In other words, a hash function assigns every input that can ever exist a random particle in the universe. We obviously know that there must be collisions because the input is infinite, but the chance of actually finding a collision by trying inputs is tantamount to, “I am going to pick particles in the universe randomly until I get the electron at the end of my nose.”

Once I’d realized this, I realized how exceedingly important it is that the output of the hashing algorithm is random based on the input. We don’t need to worry about collisions if we’re picking randomly from all particles in the universe, but if the hashing function tends to assign particles on Earth then our chance of collision gets a lot higher.

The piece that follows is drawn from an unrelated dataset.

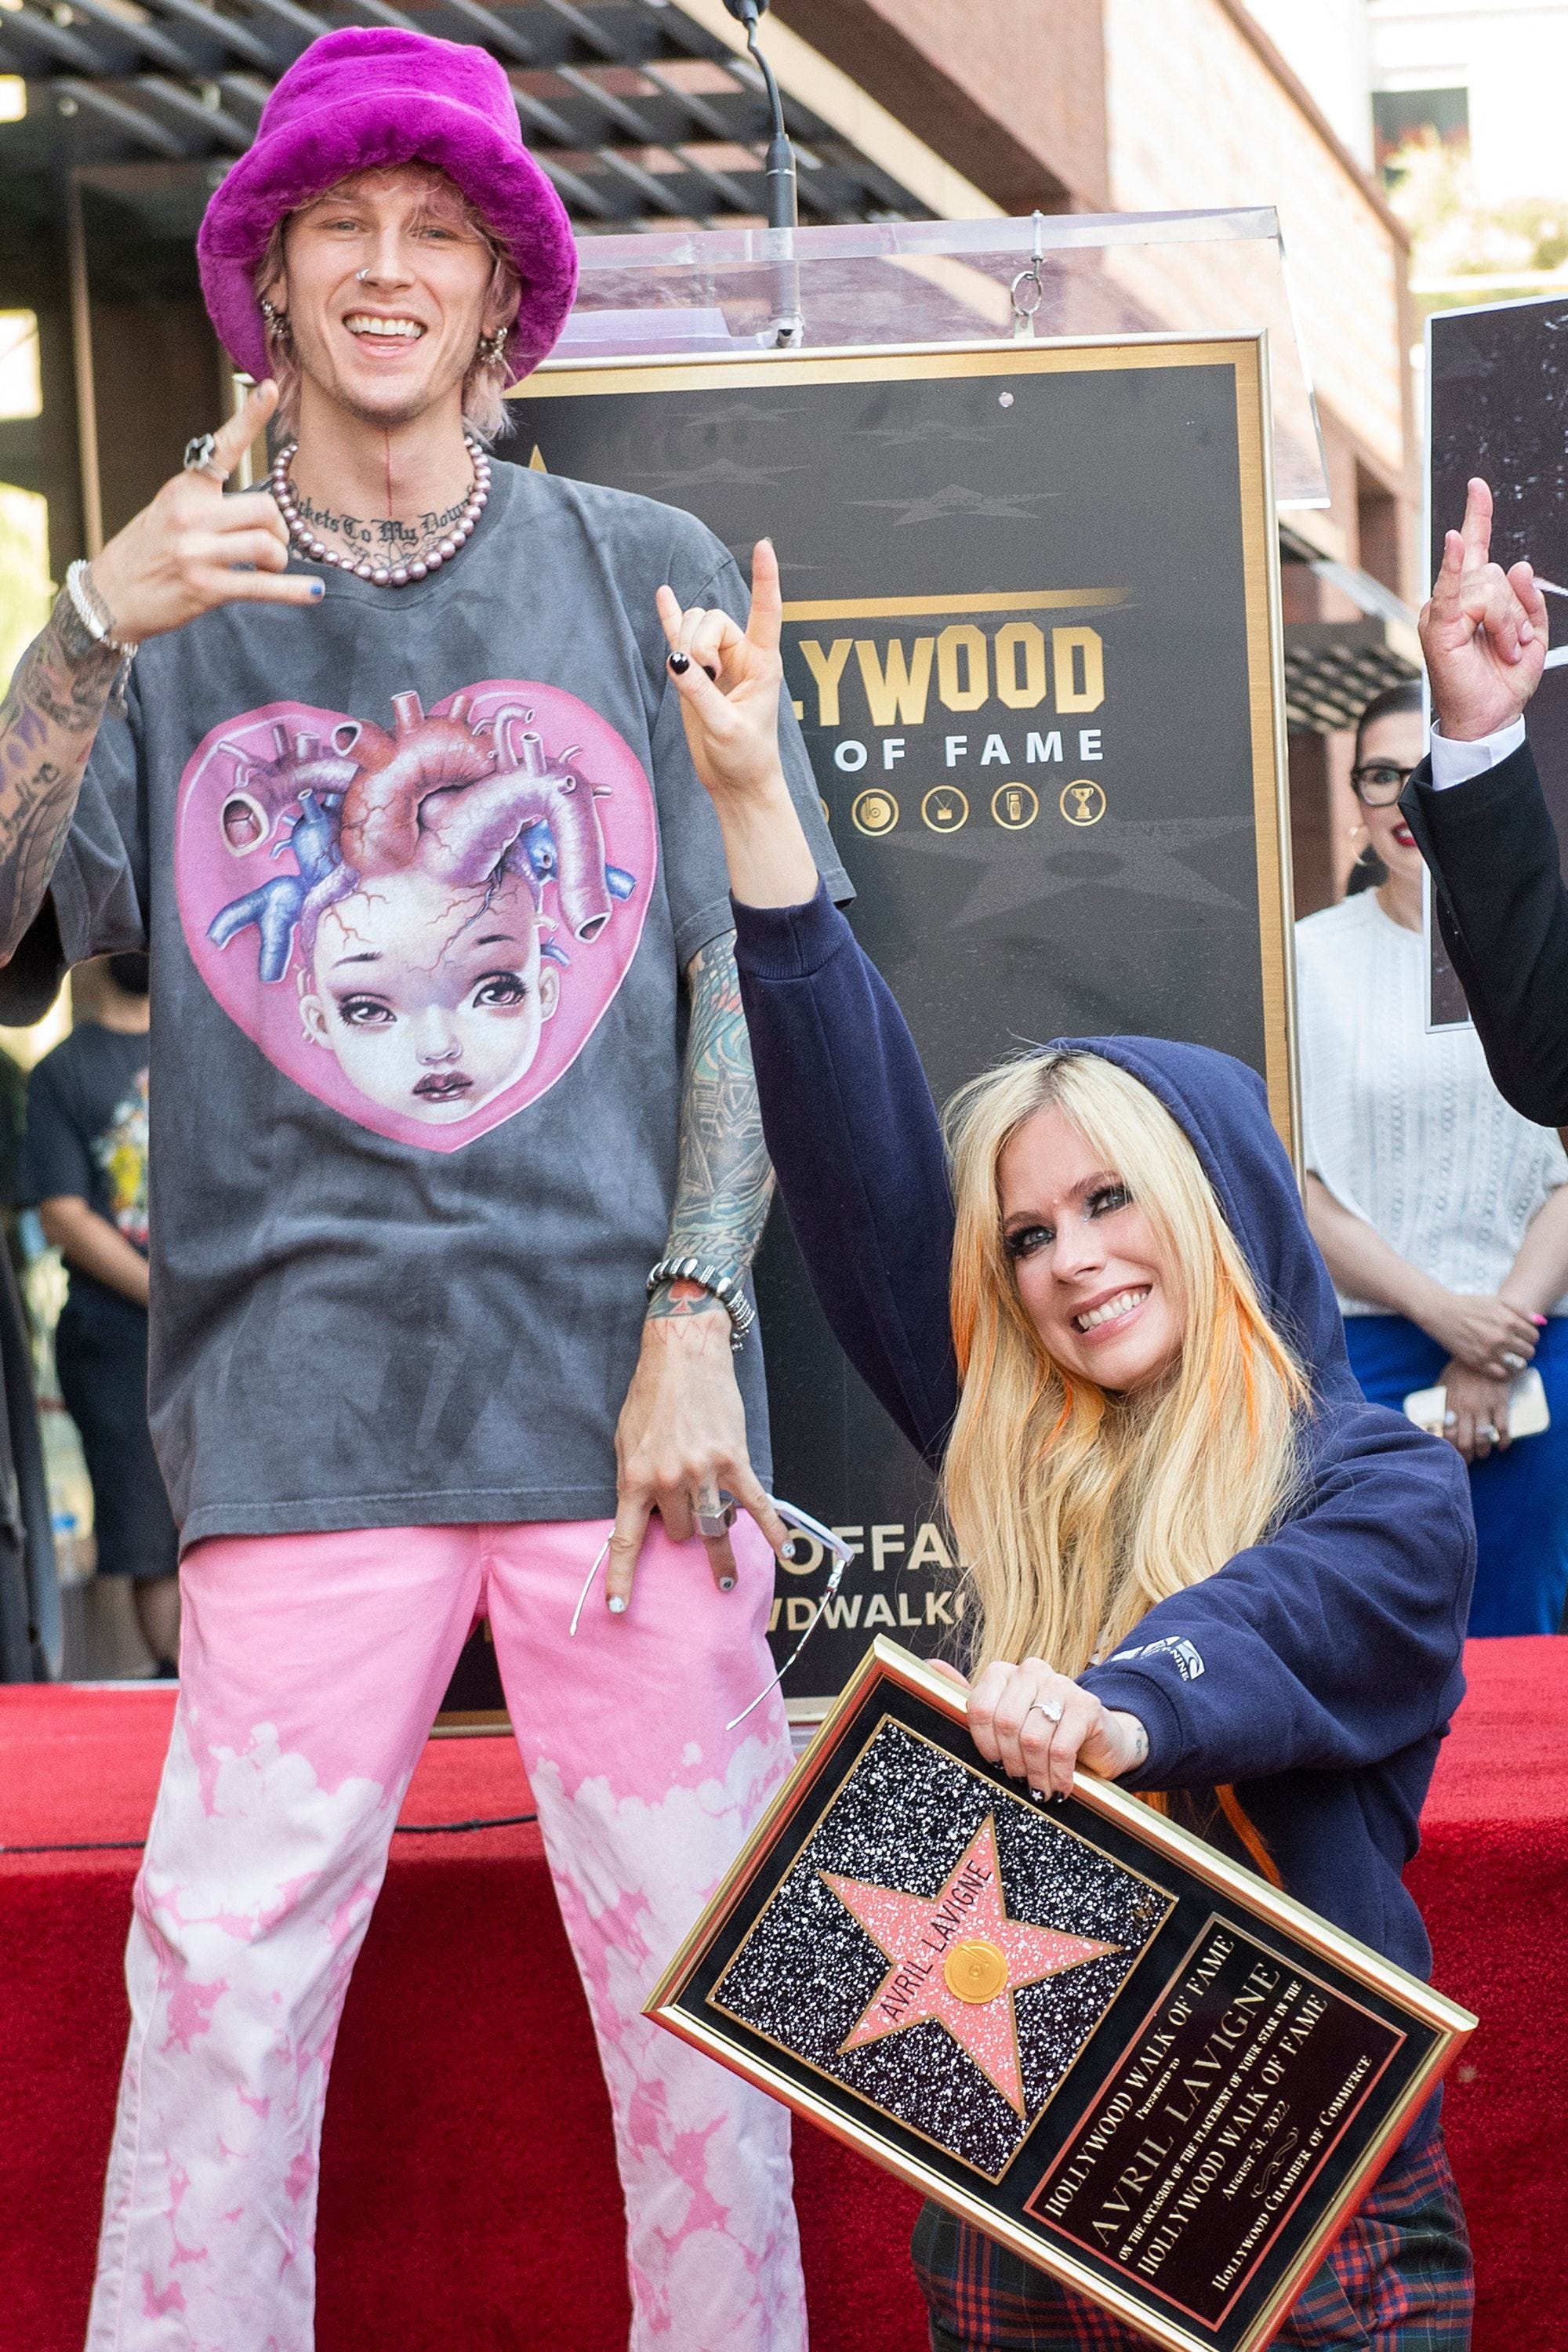 Rapper <a href="https://www.usatoday.com/story/entertainment/celebrities/2022/06/27/machine-gun-kelly-discusses-mental-health-suicide-attempt-hulu-doc/7750579001/">Machine Gun Kelly</a>, left, was there to support Lavigne and pose for photos. The two recently collaborated on the song "Bois Lie" from Lavigne's album <a href="https://www.usatoday.com/story/entertainment/music/2022/02/24/avril-lavigne-interview-machine-gun-kelly-travis-barker-love-sux-album/6832716001/">"Love Sux."</a><br> <br> "I can remember seeing these legendary names, and I never could have imagined mine would be here," said Lavigne during the ceremony. "This is so crazy. I am so grateful. This is probably one of the coolest days of my life."

This led me to investigate what hashing randomness is exactly. It appears that in the perfect hashing function, changing exactly one bit in the input should change half the bits of the output. This is called the avalanche effect, and it’s a good thing in cryptography. This makes sense if you think about what it would mean at the extremes if this wasn’t true:

  1. if changing one bit in the input resulted in changing no bits in the output, your hash function is already broken because you’ve already generated a known collision
  2. if changing one bit in the input resulted in changing just one bit in the output, it would be much easier to guess inputs as you could hash any input, get its output, and then explore around the output with the knowledge that the nearby hashes (hashes that are only one bit different than your output) would have inputs only one bit different than your input
  3. if changing one bit in the input resulted in changing all the bits in the output, you’d have collisions like crazy because changing one bit in the input would create the inverse, and changing one bit in that input would create the same output as the original hash
  4. if changing one bit in the input resulted in changing all but one of the bits in the output, it would also be much easier to guess inputs as you could hash any input, gets its output, and explore any hashes who differ by all but one bit with the knowledge that their input must differ from your hash by at most one bit

Cases 2 and 4 are functionally the same, suffering from very high collision and reverse-engineering, because changing any one bit in their inputs can only yield at most N new unique output hashes (where N is the number of bits in the output).

This is why the “change half the bits in the output” is important: it maximizes the number of unique new output hashes that changing any one bit in the input yields. Equivalently, it means that changing any bit in the input makes every single bit in the output have a 50% chance of being 0 and a 50% chance of being 1. In other words, changing one bit in the input creates a totally new random number.